9.     Respondents pay Applicant’s Costs under AHRC Act 1986, Section 46PSA, Subsections (1),(2),(3) and other reasons (that will be listed in Applicant’s Submissions that is required by the court before the 6 May 2025 Interlocutory Hearing).

(Emphasis and underlining in original.)

Prayers 1 to 4 – management of the two proceedings

8    The respondent did not submit that I was precluded from dealing with these prayers by reason of the absence of a parallel interlocutory application in proceeding NSD 1380 of 2023 (the 2023 proceeding) or that proceeding not being formally listed before me.

9    The 2023 proceeding, like the present proceeding (referred to in what follows as the 2020 proceeding”), is a claim of unlawful discrimination against the respondents (the State of New South Wales and the New South Wales Land and Housing Corporation) arising out of the applicant’s experiences as a public housing tenant. It arises out of a later and separate complaint that the applicant made to the Australian Human Rights Commission and involves events alleged to have occurred during a later period.

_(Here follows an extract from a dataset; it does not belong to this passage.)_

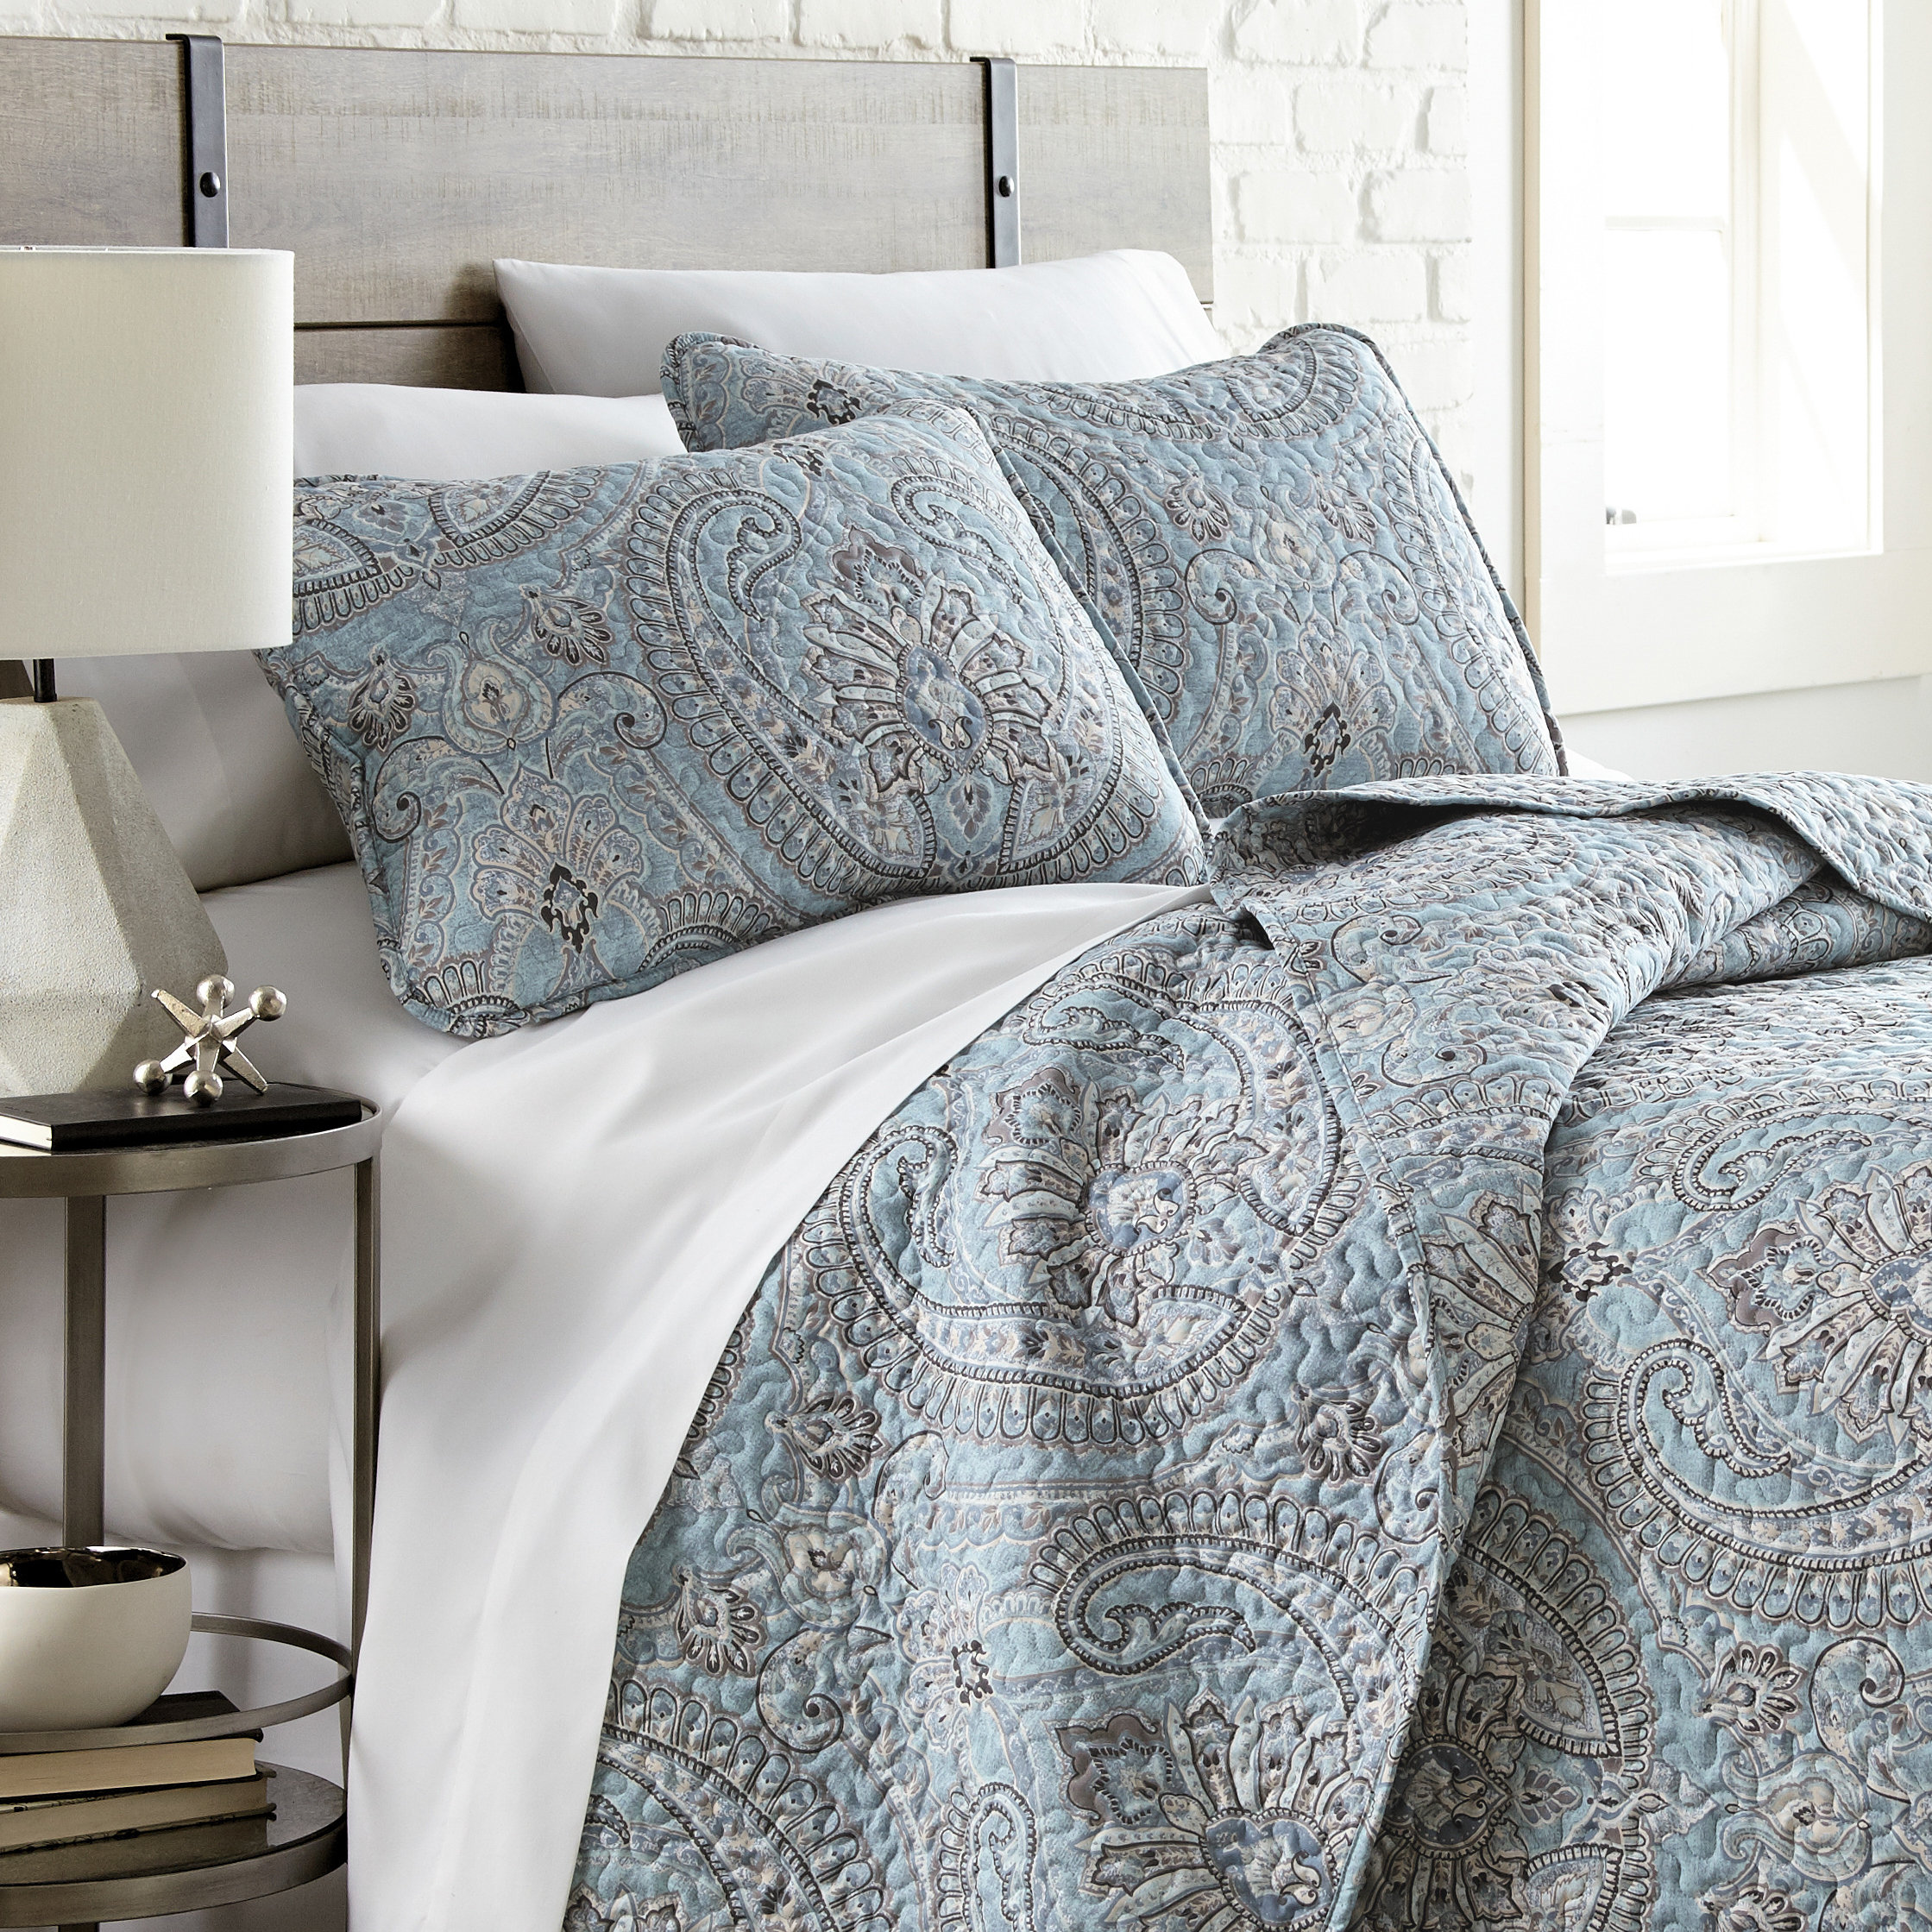 Details about   Premium Medallion Reversible Bedspread Coverlet Quilt Set 3-Piece Bed Cover

10    Rule 30.11 of the Federal Court Rules 2011 (Cth) (the Rules) is as follows.

30.11 Consolidation of proceedings before trial

If several proceedings are pending in the Court and the proceedings:

(a)    involve some common question of law or fact; or

(b)    are the subject of claims arising out of the same transaction or series of transactions;

any party to any of the proceedings may apply to the Court for an order that the proceedings be:

(c)    consolidated; or

(d)    heard together; or

(e)    heard immediately after one another; or

(f)    stayed until after the determination of any of the other proceedings.

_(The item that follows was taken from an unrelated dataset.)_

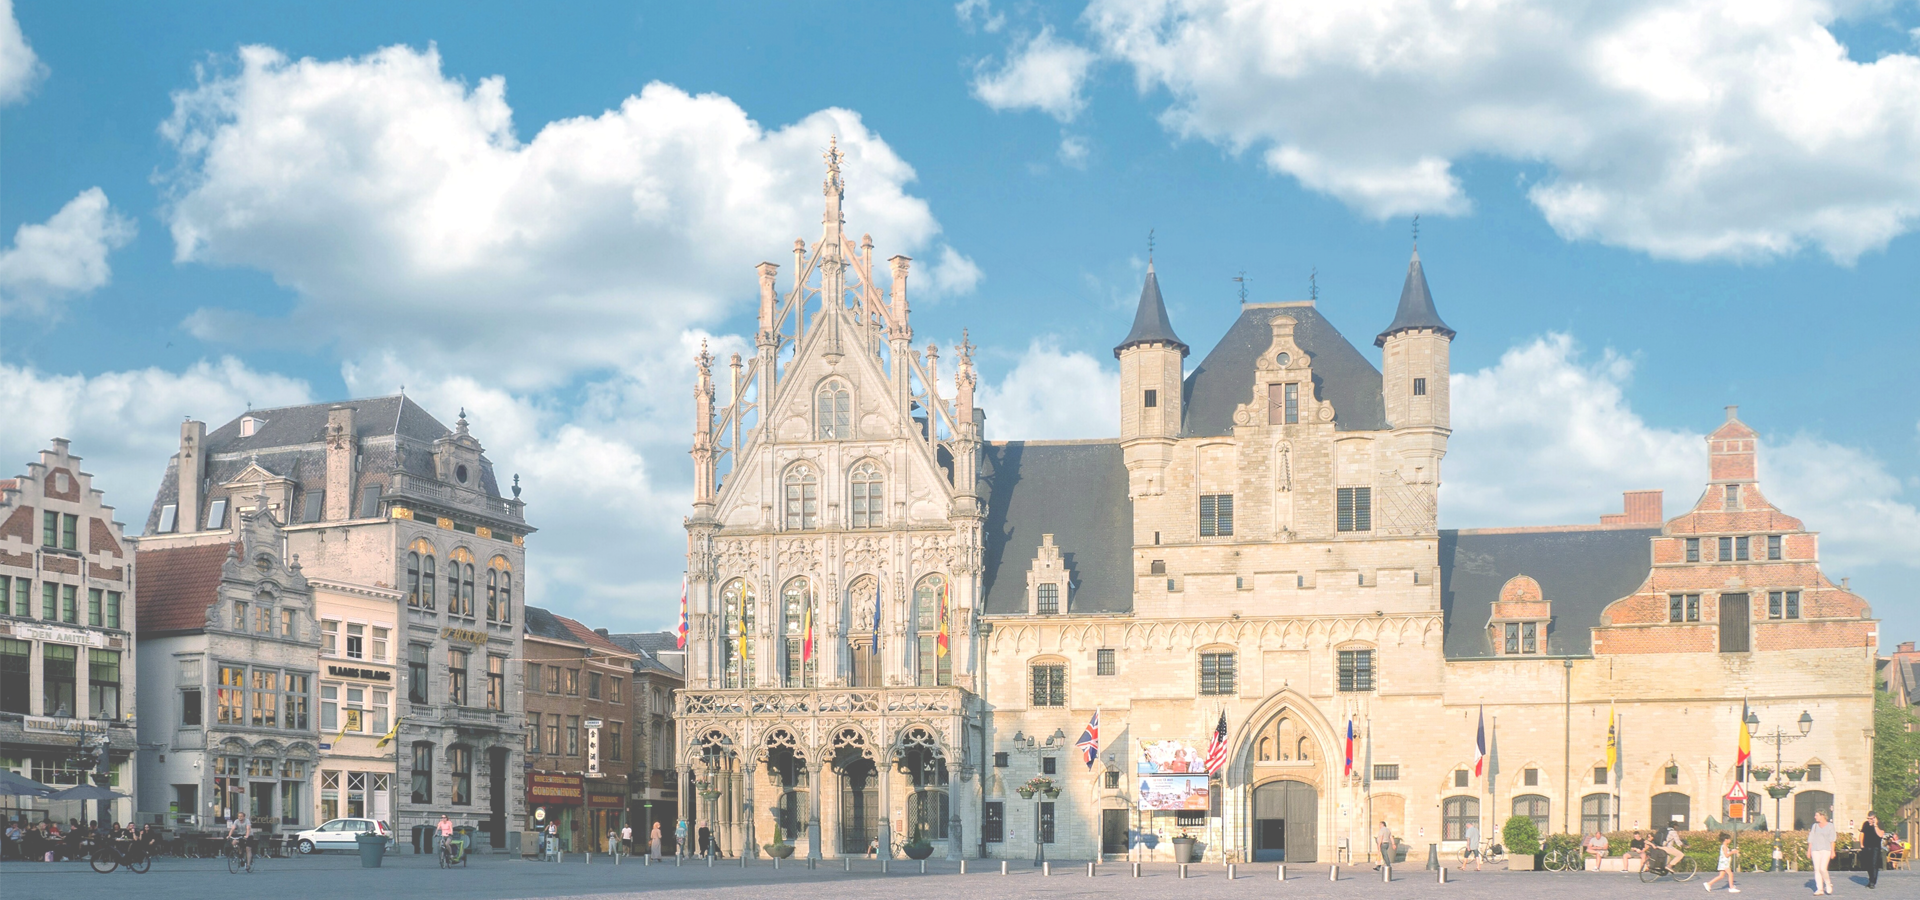 <b>Mechelen, Antwerp Province, The Flemish Region, Belgium</b>

11    It is apparent from the structure of r 30.11 that it envisages the steps in paras (c) to (e) being taken only if one or both of the circumstances referred to in paras (a) and (b) are present. However, the Court’s implied power to control proceedings before it, and the express power in r 1.34 to dispense with compliance with the Rules, indicate that it is unproductive to devote significant energy to analysis of paras (a) and (b) as gateway provisions. For reasons mentioned below, it is not apparent that the two proceedings involve common questions of fact, and any commonality of legal issues goes no further than the need to apply the standards in Commonwealth anti-discrimination legislation to similar events. I accept, however, that the cases involve claims arising out of “the same transaction” or a “series of transactions” in the sense that both cases arise out of the applicant’s relationship with the respondent in her capacity as a public housing tenant (and, it would seem, as tenant of the same property). The powers in r 30.11 are enlivened. What is probably more significant, however, is that the extent of any commonality of issues is a relevant factor in the exercise of discretion under r 30.11 (see eg Aiguille Pty Ltd v Caffissimo Holdings Pty Ltd as Trustee for the Caffissimo Franchising Unit Trust [2021] FCA 361 at [40] (Jackson J) (Caffissimo)).

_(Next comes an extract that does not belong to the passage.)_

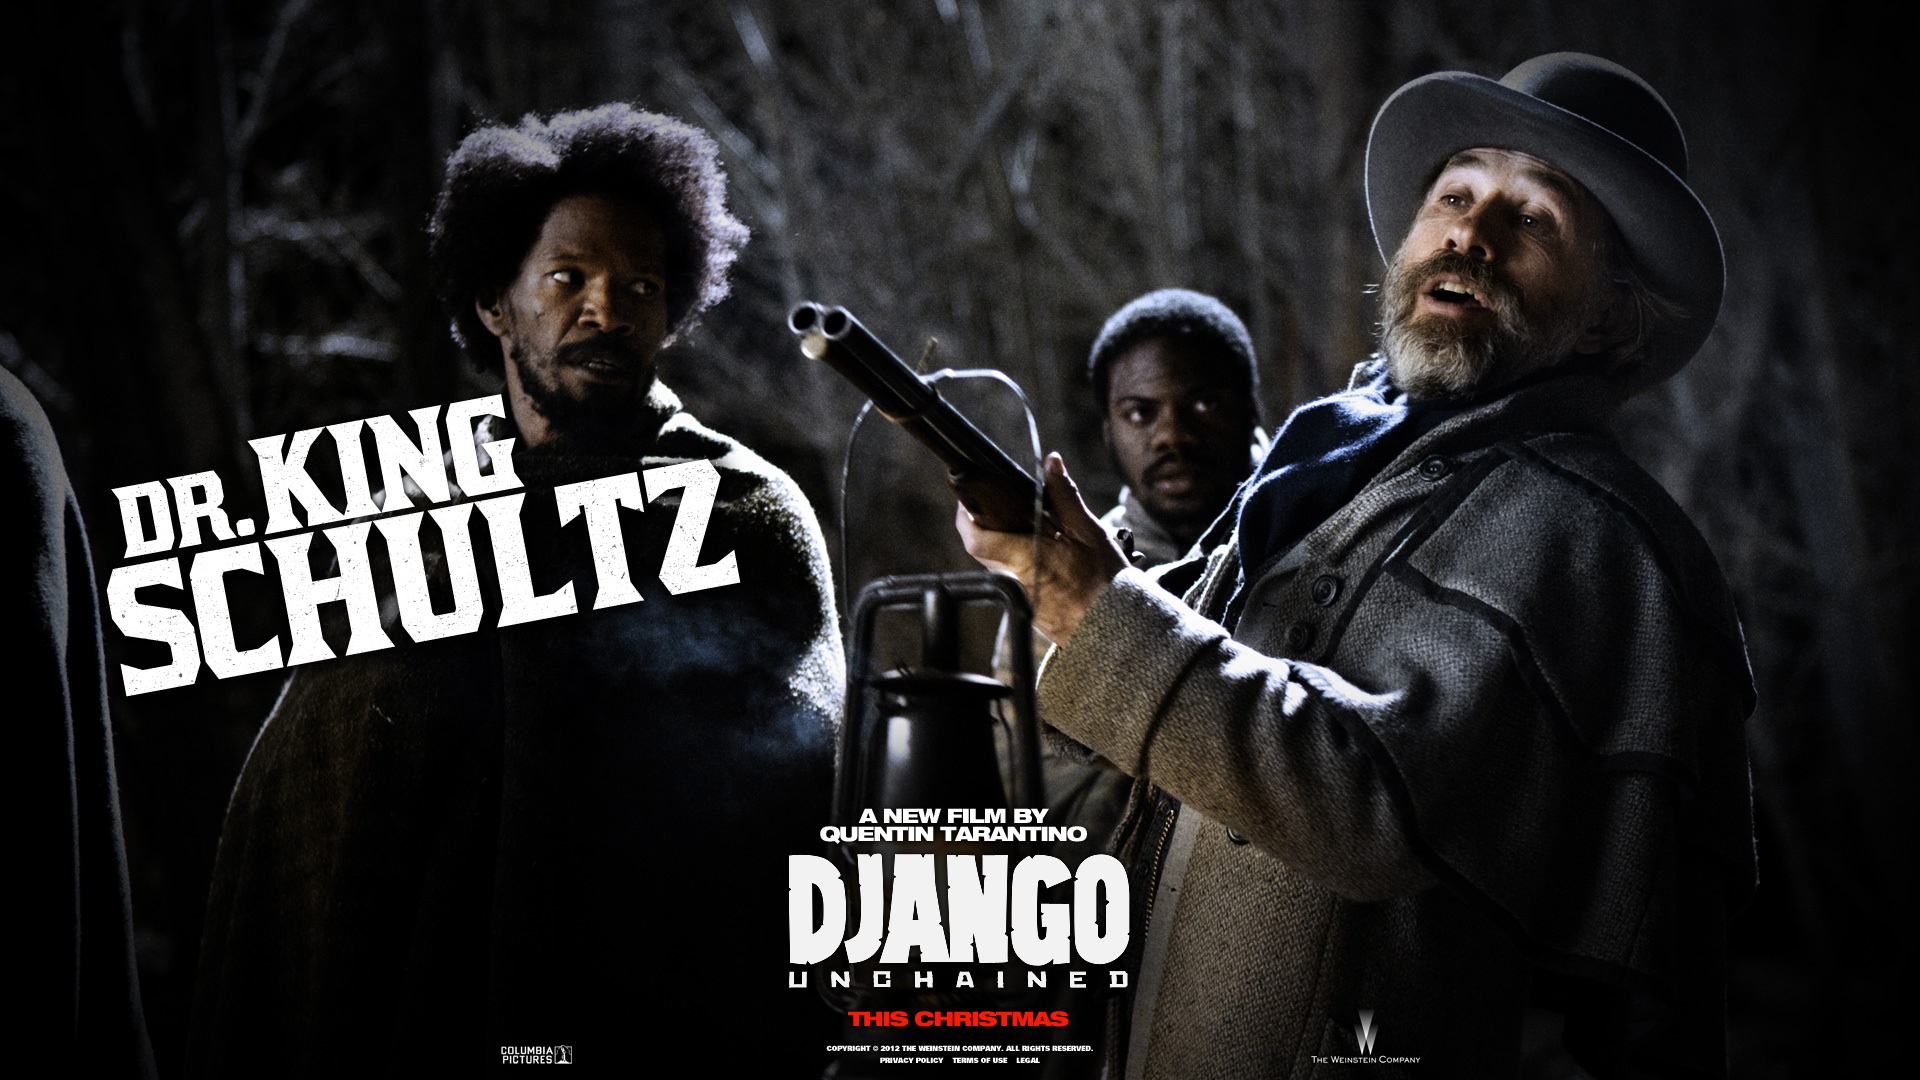 Future Shop is releasing a Django Unchained Exclusive Blu-ray Steelbook in April

12    In Humphries v Newport Quays Stage 2A Pty Ltd [2009] FCA 699 at [11] (Humphries), Besanko J identified the following factors as relevant in considering whether to make an order for proceedings to be heard together.

1.    Are the proceedings broadly of a similar nature?

2.    Are there issues of fact and law common to each proceeding?

3.    Will witnesses (lay and expert) in one proceeding be witnesses in one or more of the other proceedings?

4.    Has there been an alternative proposal put forward that there be a test case and have the parties agreed to abide the outcome, or, at least, the determination of common issues of fact and law?

5.    Is there a prospect of multiple appeals with substantial delays if the proceedings are not tried at the same time?

6.    Will there be a substantial saving of time if the proceedings are tried at the same time, compared with each proceeding being tried separately?

7.    Will an order that the proceedings be tried at the same time create difficulties in terms of trial management, complexity of procedural issues and difficulties in determining cross-admissibility of evidence?

8.    Is one proceeding further advanced in terms of preparation for trial than the others?

9.    Are there parties to one or some only of the proceedings who will be inconvenienced if all of the proceedings are tried at the same time?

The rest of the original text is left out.